The framework mandates that crypto casinos operating in the UK or serving UK customers must submit customer identity details, transaction amounts, dates, and cryptocurrency types to HMRC. The first reports covering the 2026 calendar year will be due by 31 May 2027, marking a significant shift in regulatory oversight of crypto gambling transactions.
UK-based Reporting Crypto-Asset Service Providers (RCASPs) must collect comprehensive user data including names, addresses, dates of birth, tax residence information, and National Insurance numbers for UK residents. For entity users, business names, addresses, and company registration numbers will be required. Transaction-level data must include the specific crypto-asset type, transaction dates, and values.
The UK government projects CARF will generate over £315 million in additional tax revenue by 2030. However, compliance costs are substantial, with HMRC estimating approximately £800,000 in annual expenses per provider. Implementation costs for HMRC itself are forecast at £69 million, primarily for IT infrastructure development.
Enhanced Compliance Requirements
The new framework necessitates enhanced Know Your Customer (KYC) and Anti-Money Laundering (AML) procedures for crypto gambling transactions. Online casinos must implement systems capable of tracking and reporting every crypto transaction, reducing the anonymity traditionally associated with cryptocurrency gambling.
The UK Gambling Commission has emphasized the importance of thorough source-of-funds checks for crypto gambling activities to mitigate money laundering and financial crime risks. Operators must balance the added compliance complexity while ensuring consumer protections regarding cryptocurrency volatility, insolvency risks, and deposit limits.
Non-compliance carries penalties of up to £300 per user, applicable to both service providers and users who fail to provide accurate information. HMRC is expected to actively enforce the regulations through monitoring programs and targeted communications to suspected non-reporters.
Regulatory Convergence
CARF implementation aligns with broader UK gambling reforms, including updated deposit limit rules and gambling harm reduction strategies under the UK Gambling Commission’s oversight. The framework brings cryptocurrency transactions under the same regulatory scrutiny applied to traditional financial services, creating a more stringent operational environment for online casinos.

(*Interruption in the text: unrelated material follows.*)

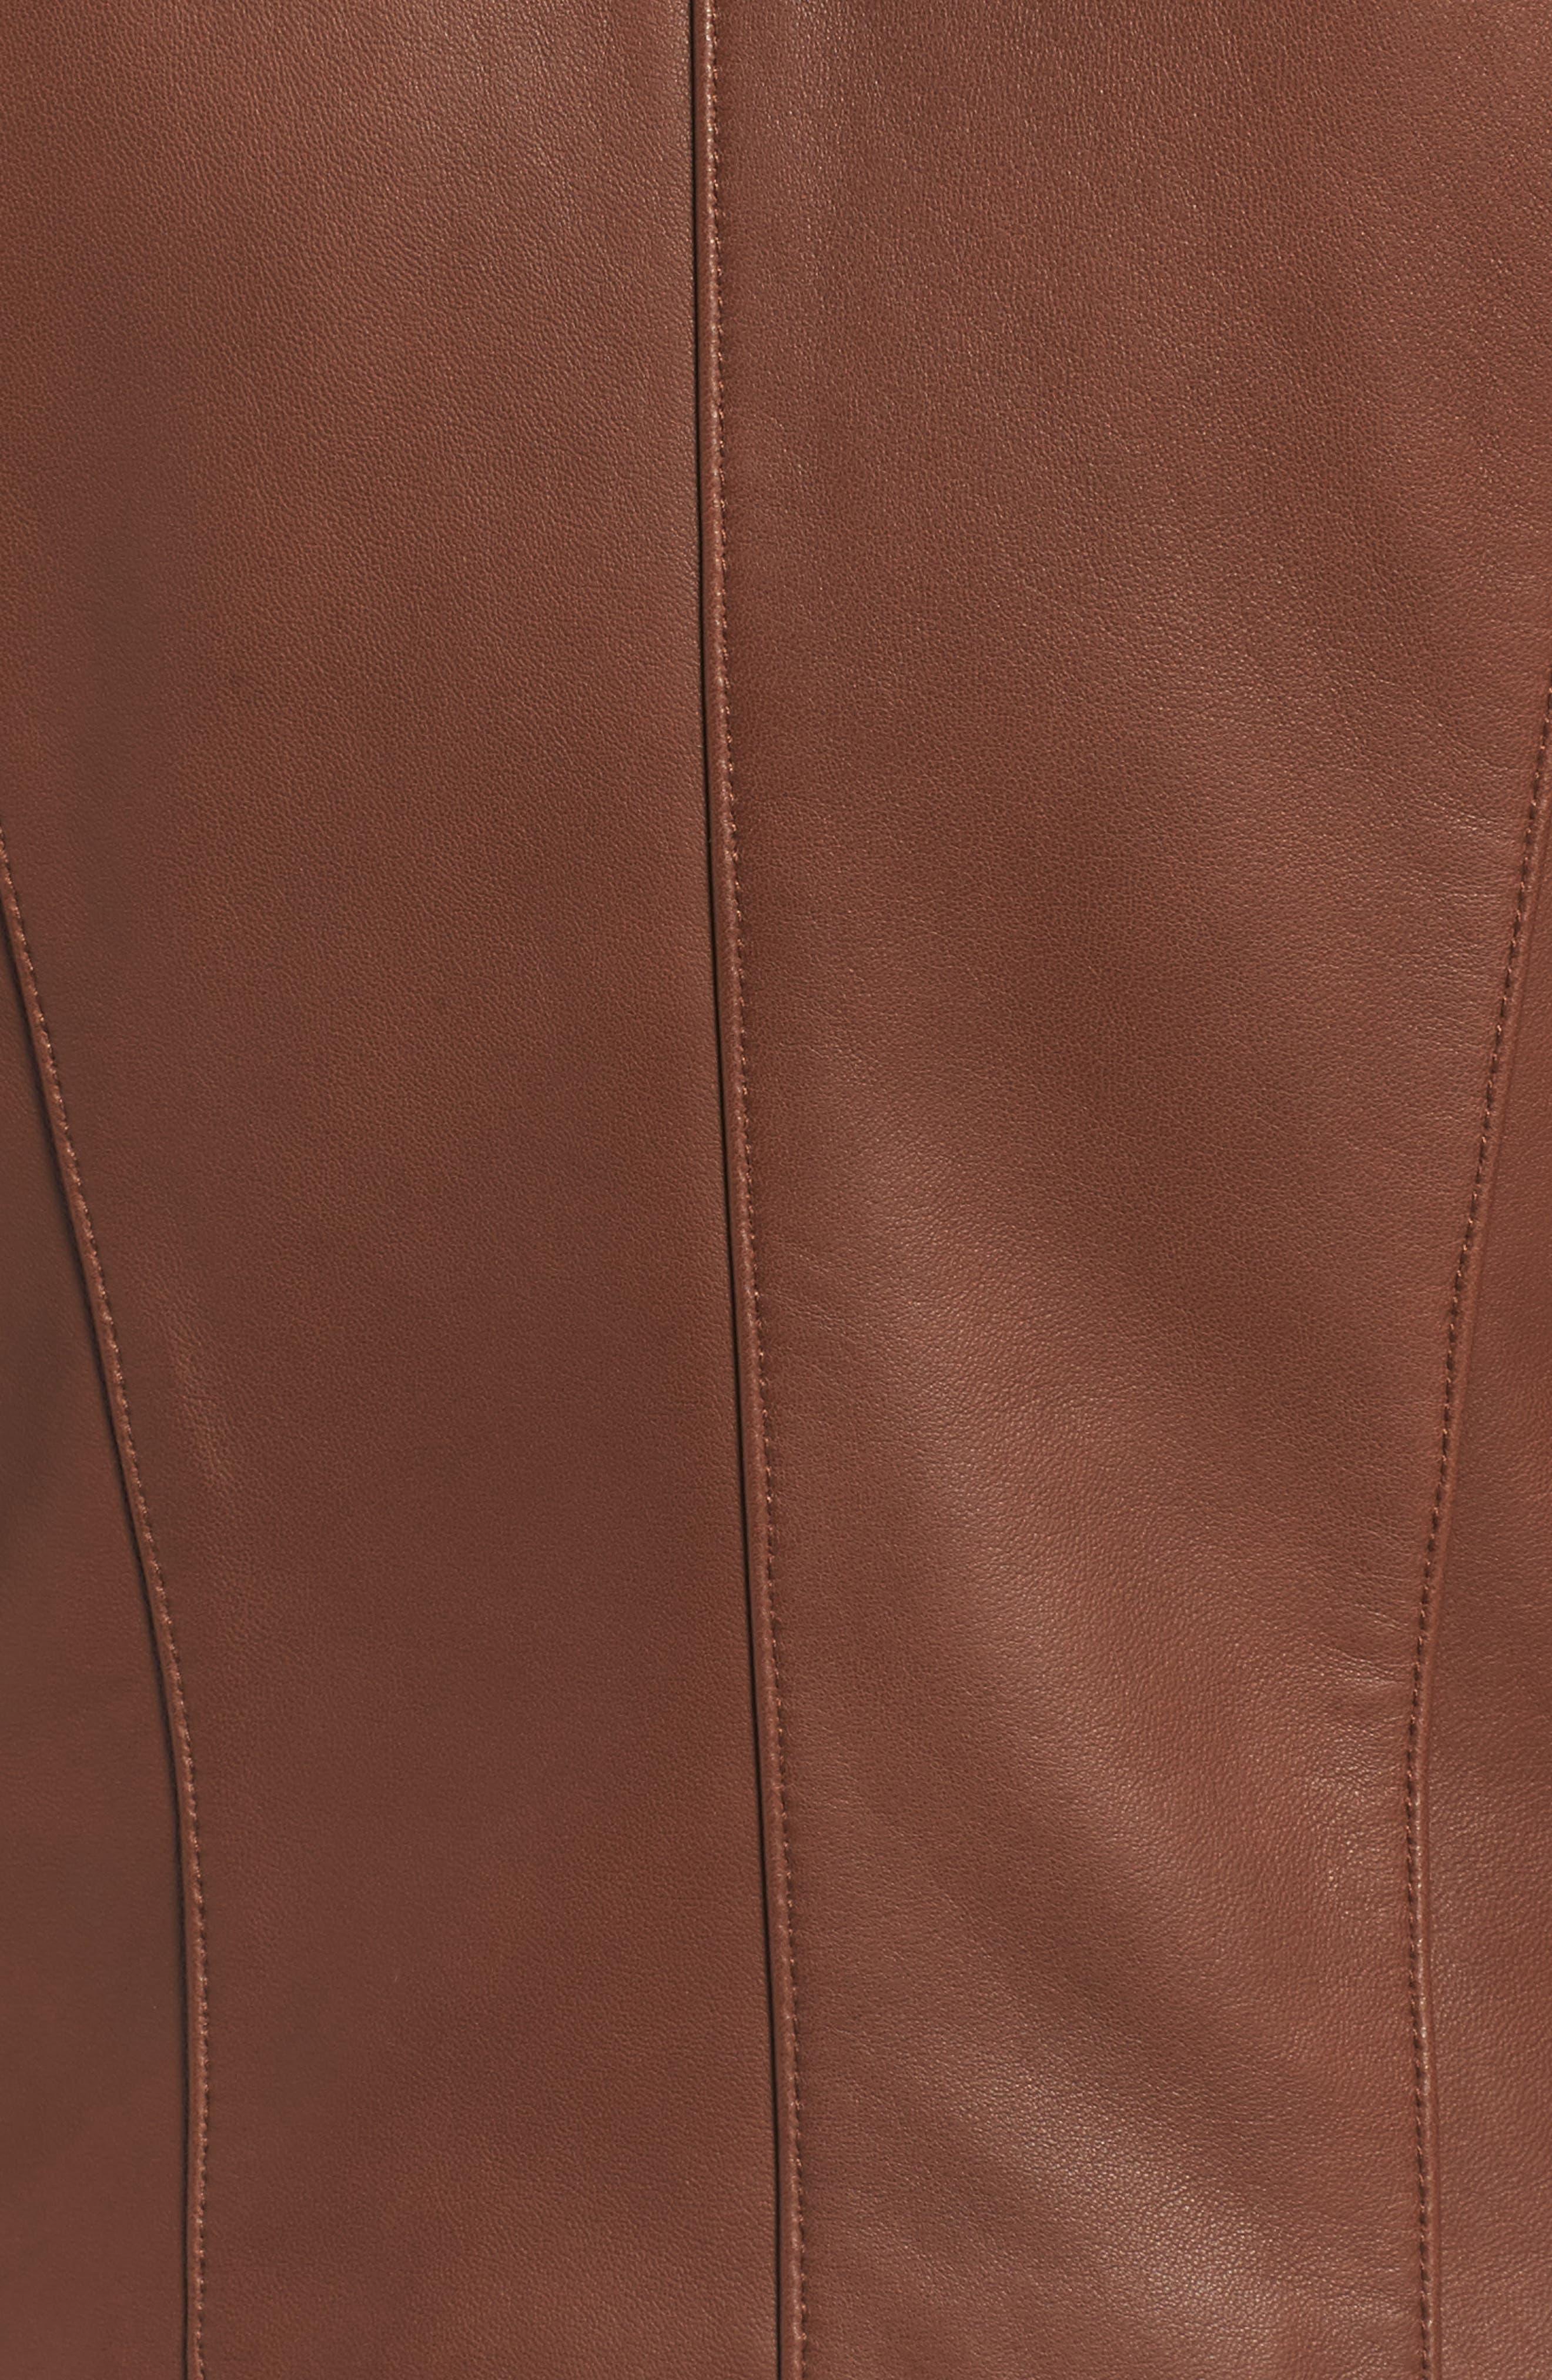 Leather Moto Jacket,                             Alternate thumbnail 5, color,                             Chestnut
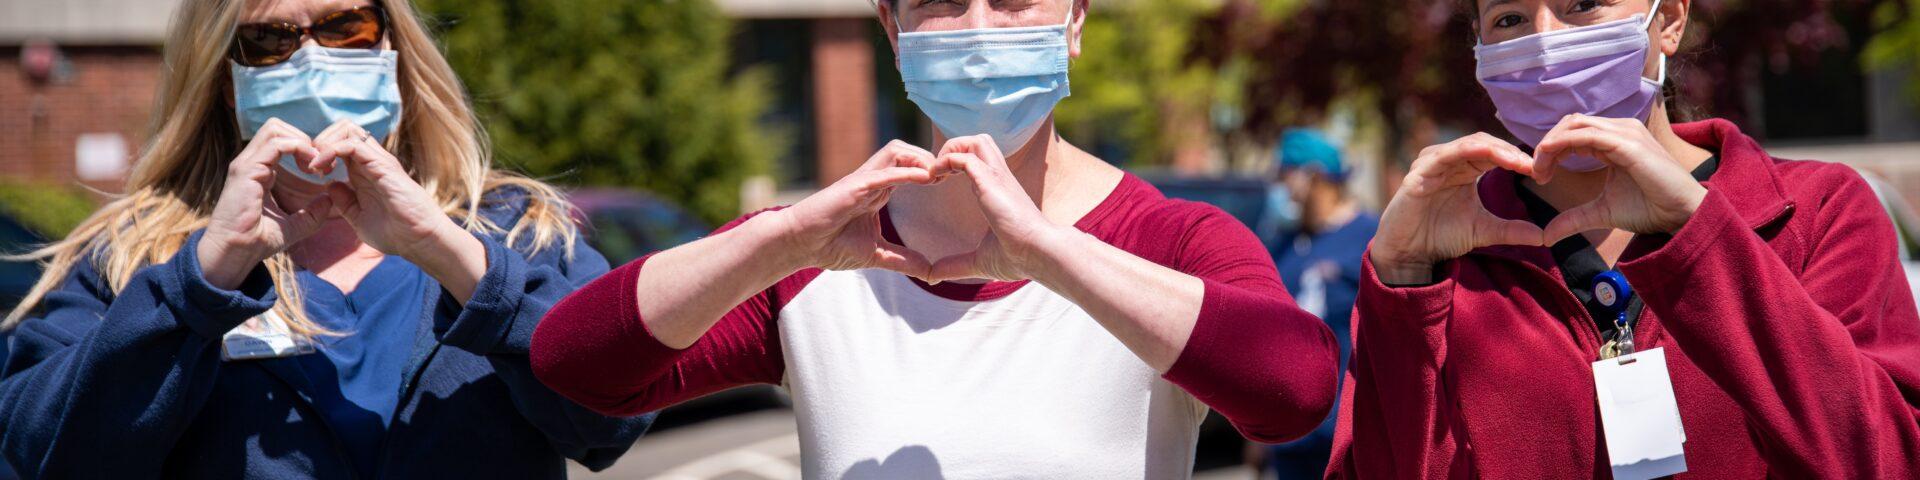 nurses in masks

The regulations will reduce the anonymity advantages that have made crypto casinos attractive to privacy-focused users. However, the framework aims to protect consumers and align crypto gambling with wider tax and AML regulations governing the UK’s gaming sector.
Over 50 countries have committed to implementing CARF by 2027, with the United States, Singapore, UAE, Hong Kong, and Turkey joining the data-sharing initiative by 2028. The UK is part of the first wave of nations establishing standardized crypto reporting requirements.
UK-based crypto service providers must register online with HMRC by 31 January 2027 and inform users of their reporting obligations. Operators face immediate pressure to upgrade systems ahead of the 1 January 2026 implementation date.
The framework targets crypto-assets used for payment or investment, excluding central bank digital currencies and certain NFTs. It applies to centralized exchanges, brokers, dealers, and any platforms facilitating crypto transactions for users, including gambling operators.
CARF represents a major step toward integrating crypto gambling into the UK’s regulated financial and gaming sectors. Online casinos accepting cryptocurrency must prepare for increased scrutiny, enhanced reporting duties, and significant technical upgrades to meet the new compliance standards.